**ENTRIES SHOWN**
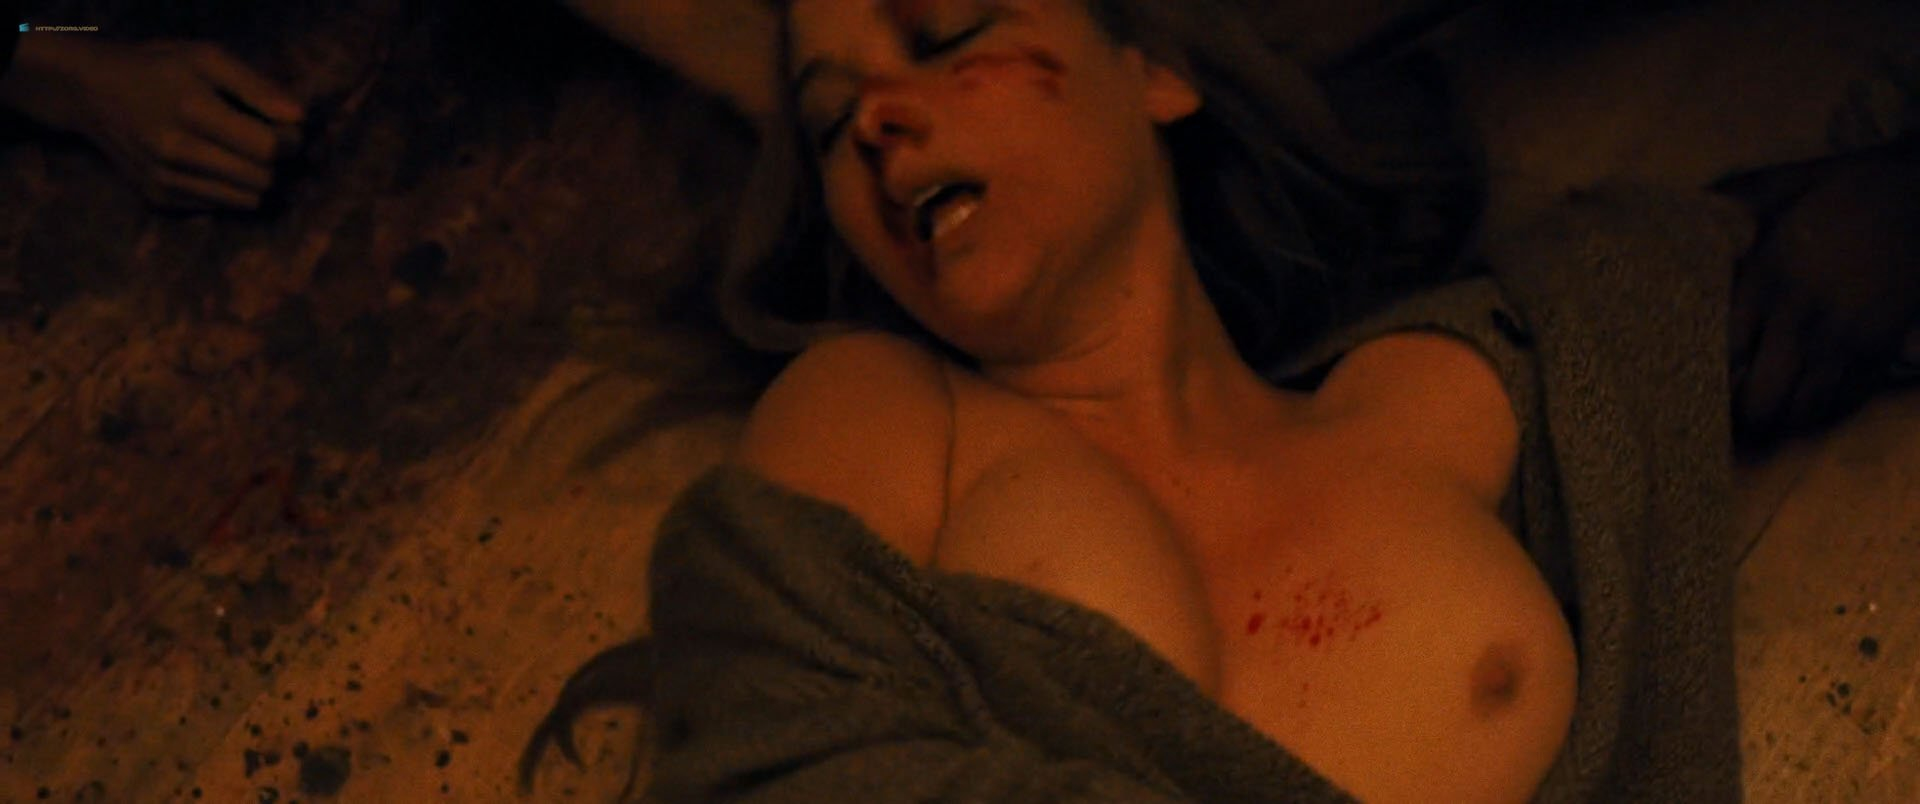 Jennifer lawrence nude movie scene
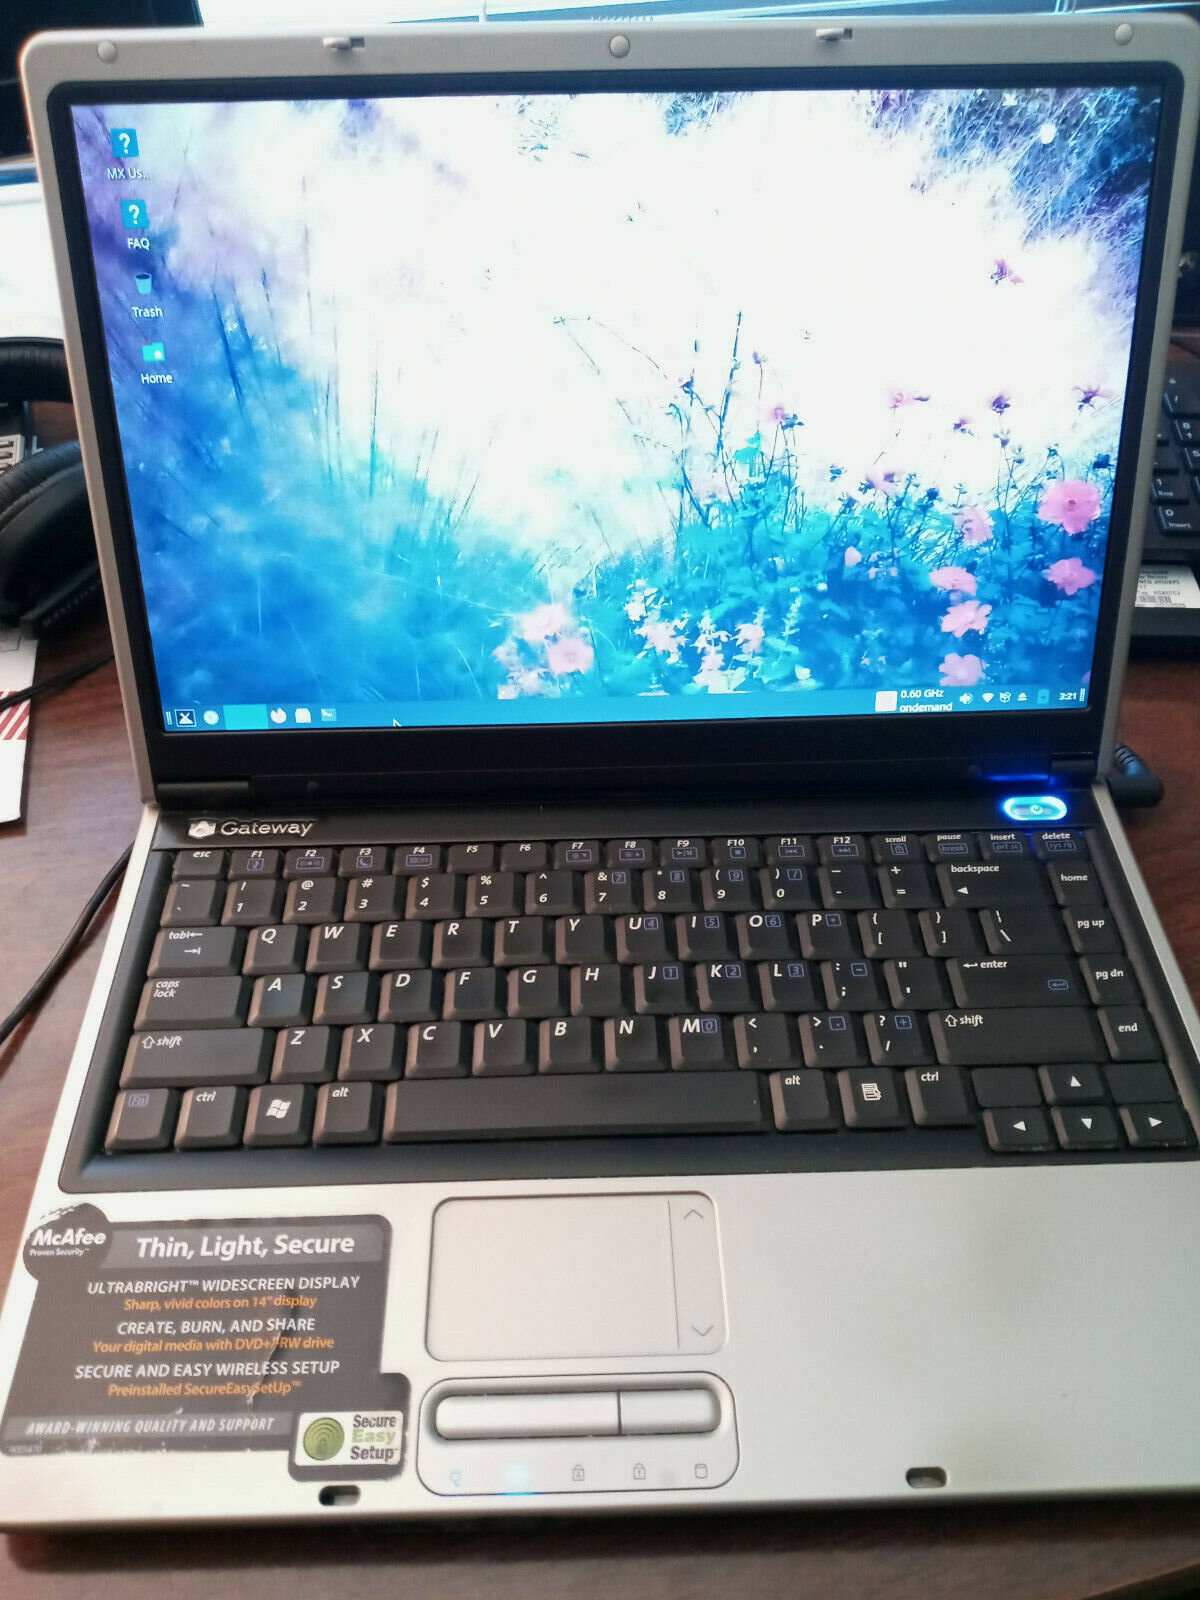 Gateway MX-3228 W323-UL1 Laptop - Vintage - one owner - Works
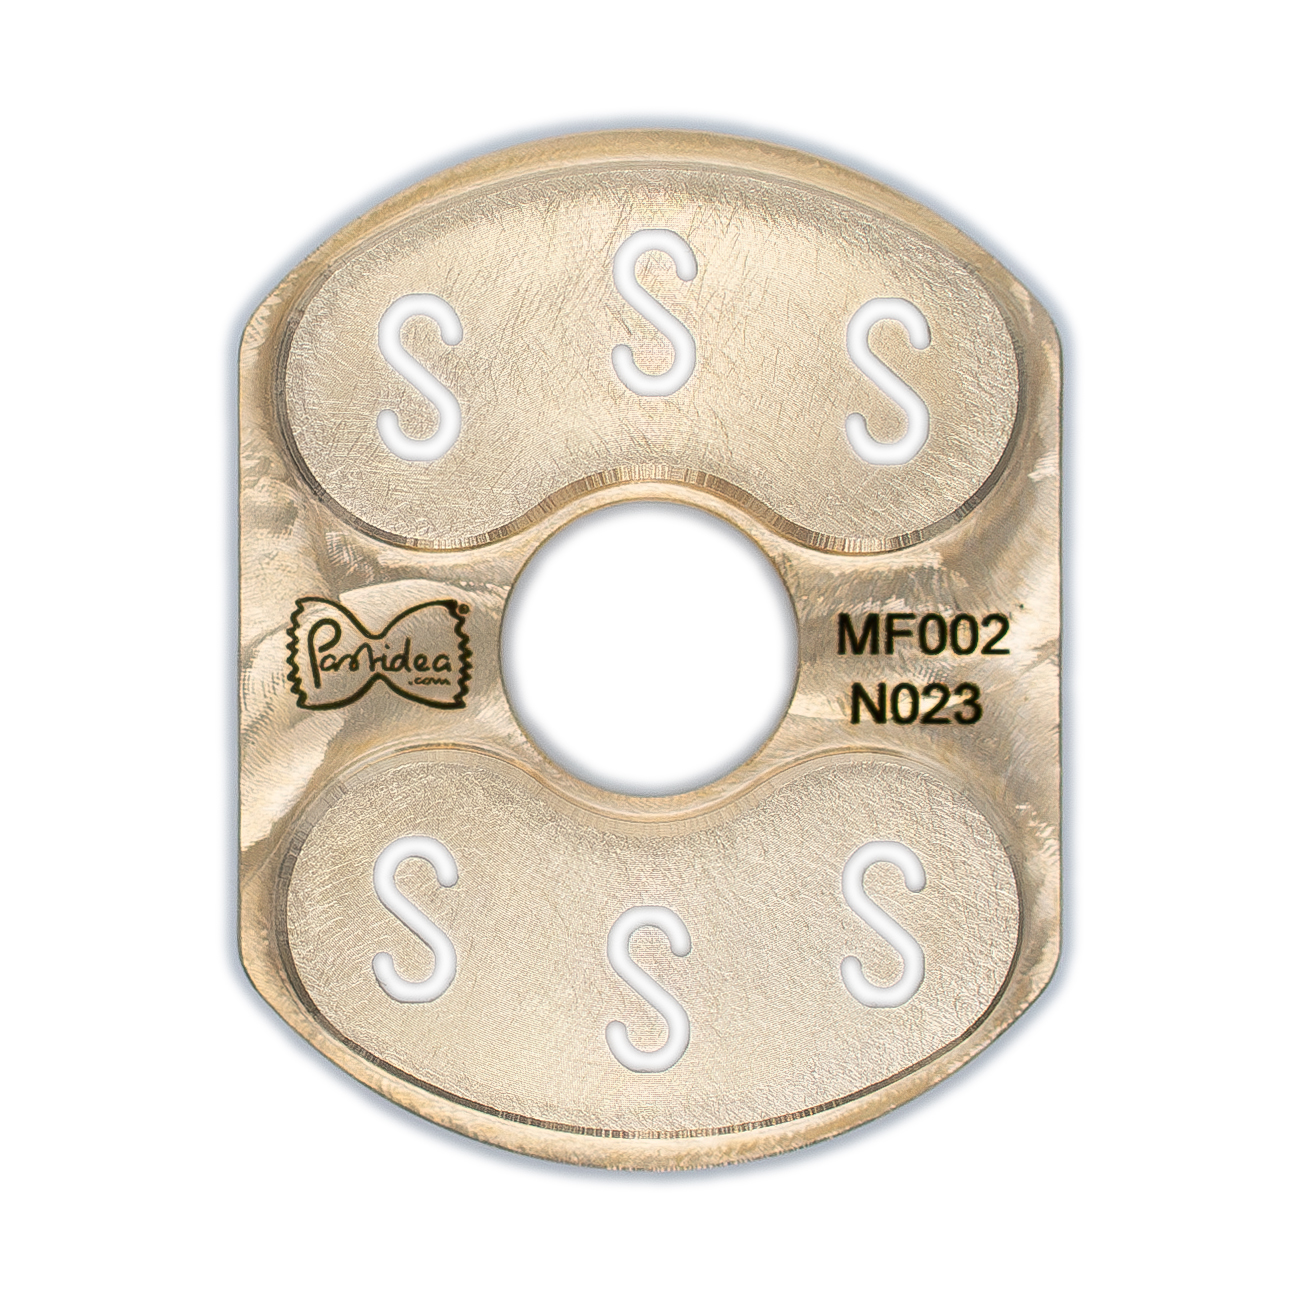 Pasta insert (type 2) in bronze spaghetti quadri chitarra 2,5x2,5mm for Philips pasta maker Avance / 7000 series (insert holder required) (copy)
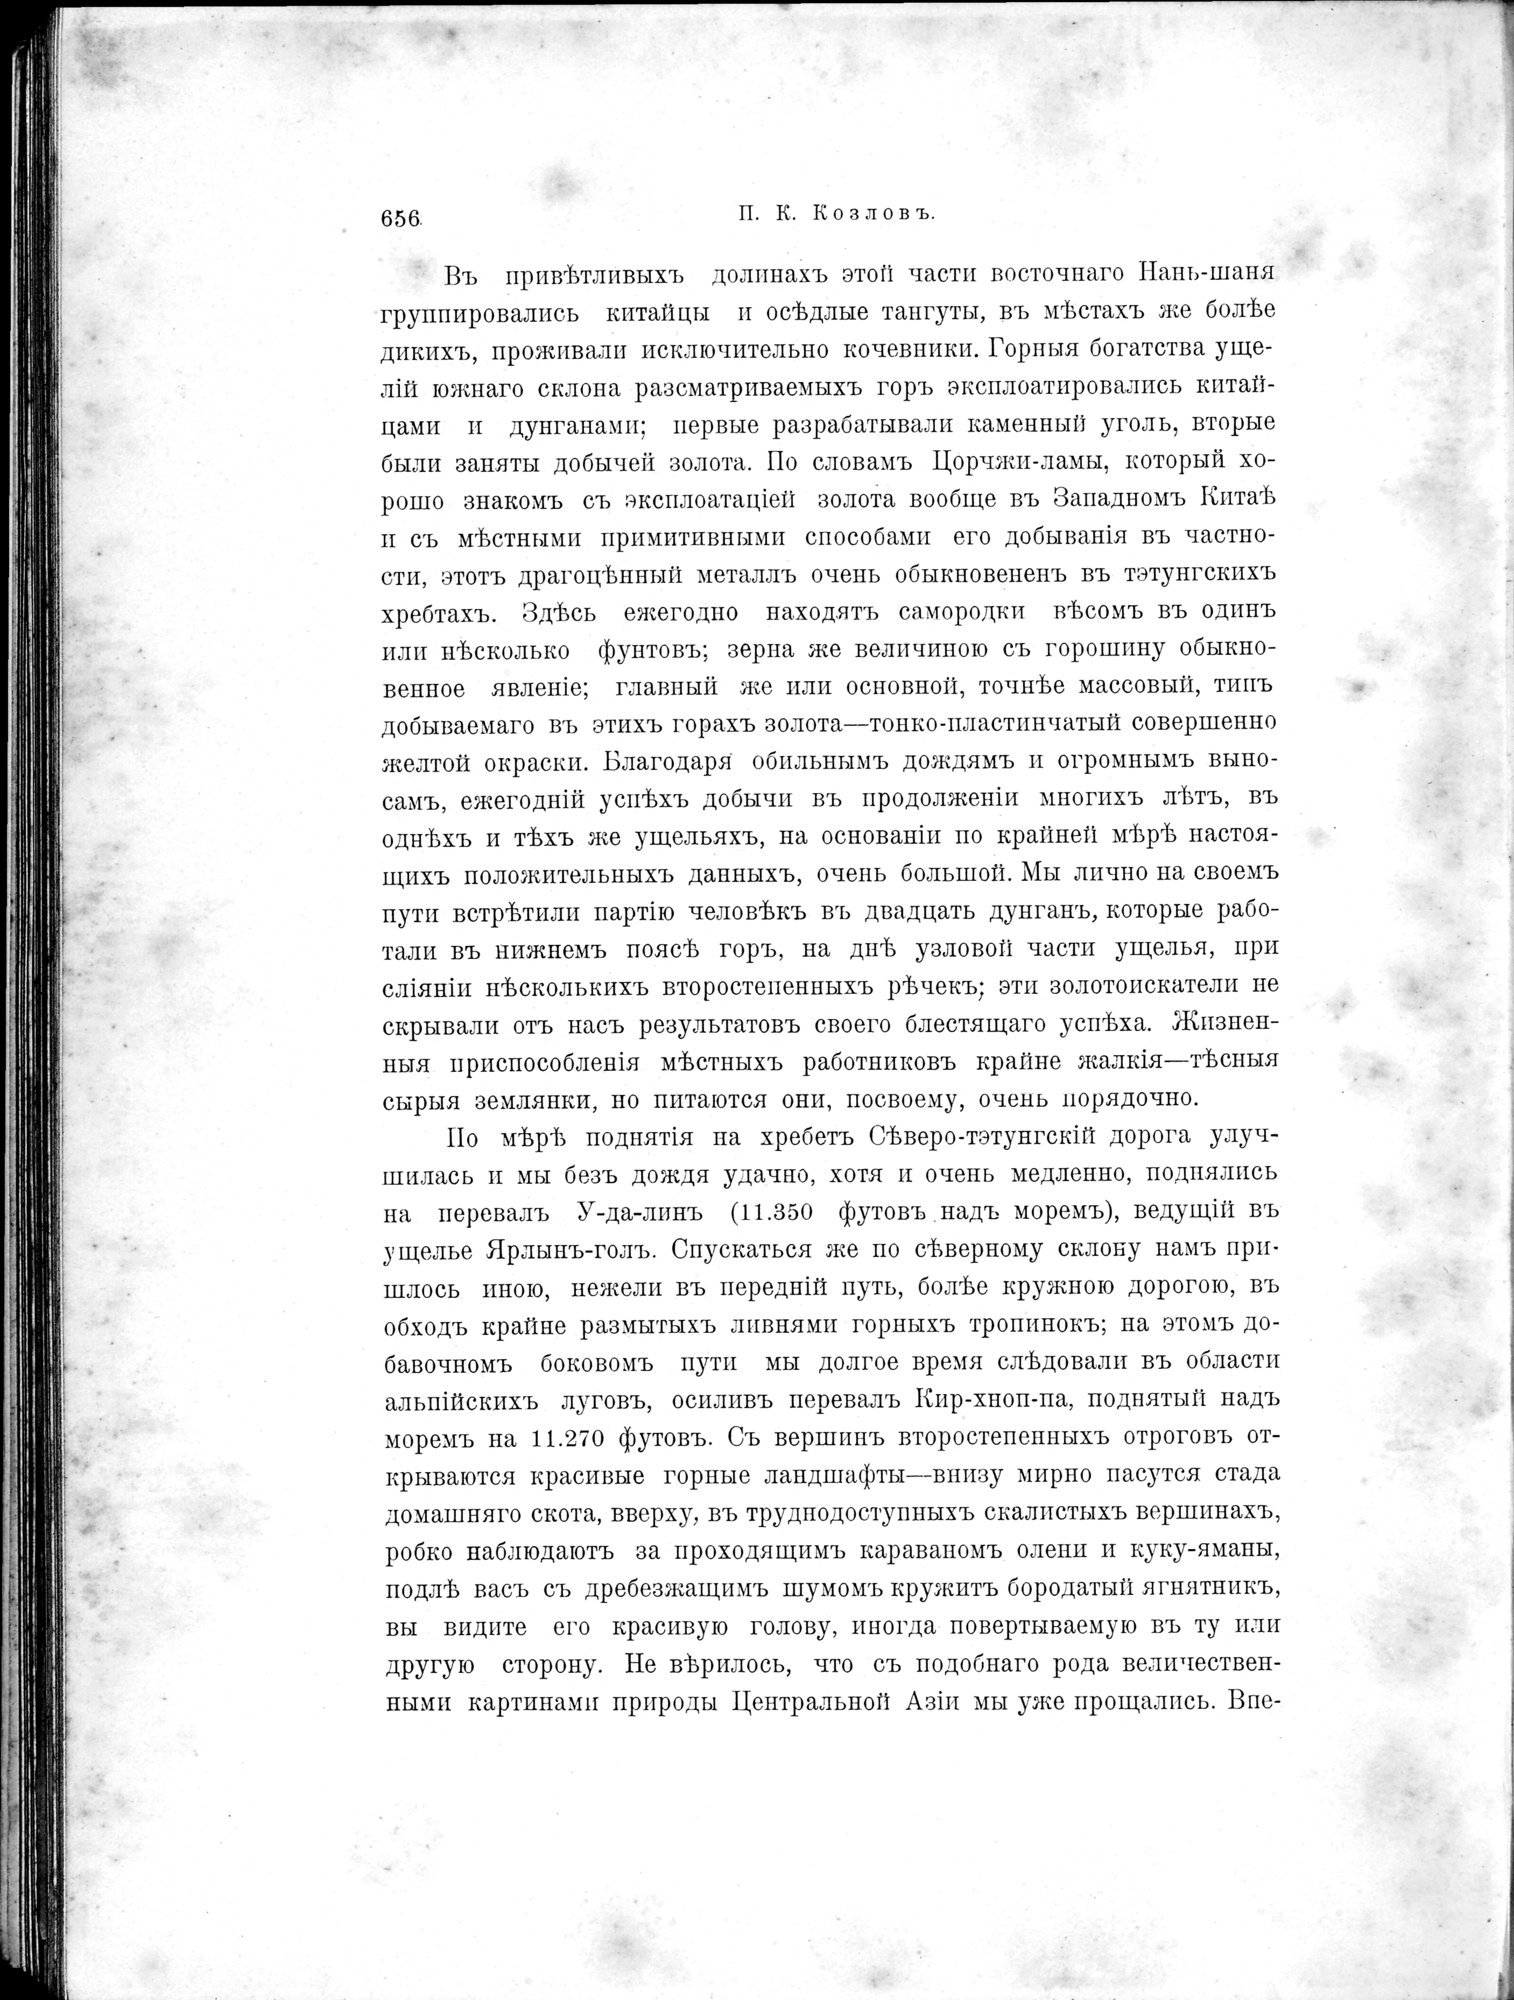 Mongoliia i Kam : vol.2 / Page 486 (Grayscale High Resolution Image)
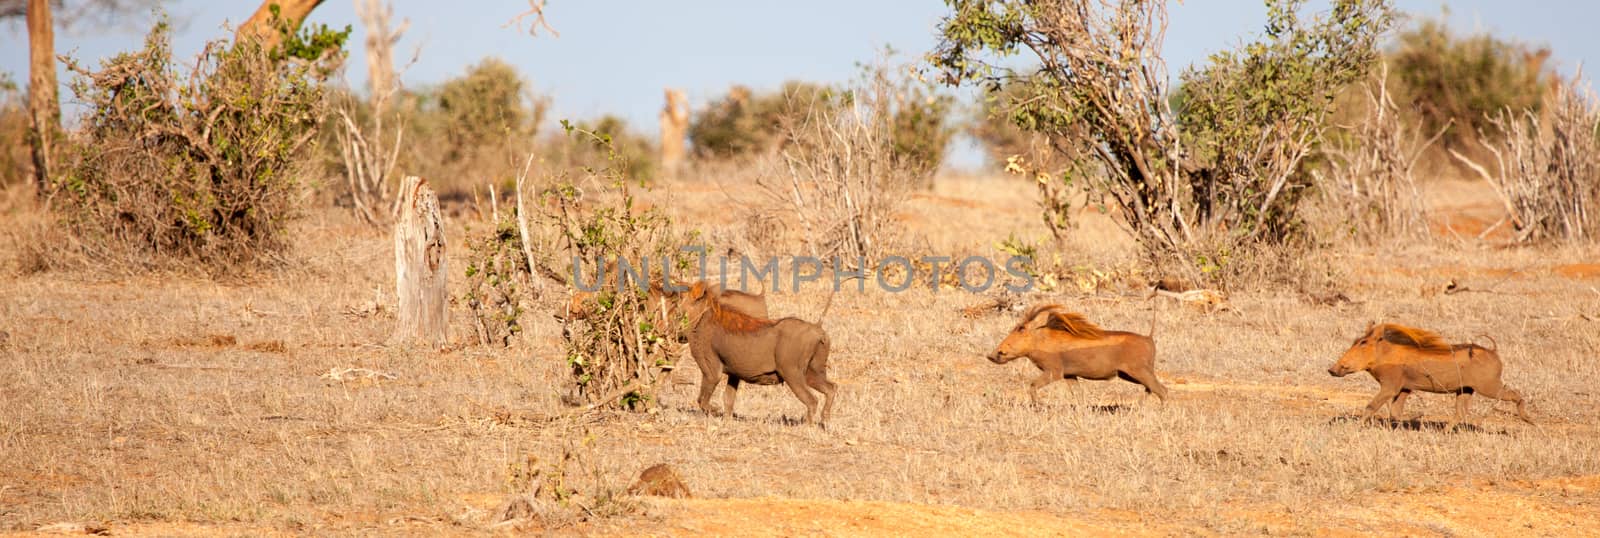 Wild boar running through the savannah of Kenya

**WHAT IS BEING ASKED**
Your copy must hold exactly the lines from the one with "Pasta insert (type" to the end of the records above, both included, and no pictures.

**REPLY**
 Pasta insert (type 2) in bronze spaghetti quadri chitarra 2,5x2,5mm for Philips pasta maker Avance / 7000 series (insert holder required) (copy)
 Mongoliia i Kam : vol.2 / Page 486 (Grayscale High Resolution Image)
 Wild boar running through the savannah of Kenya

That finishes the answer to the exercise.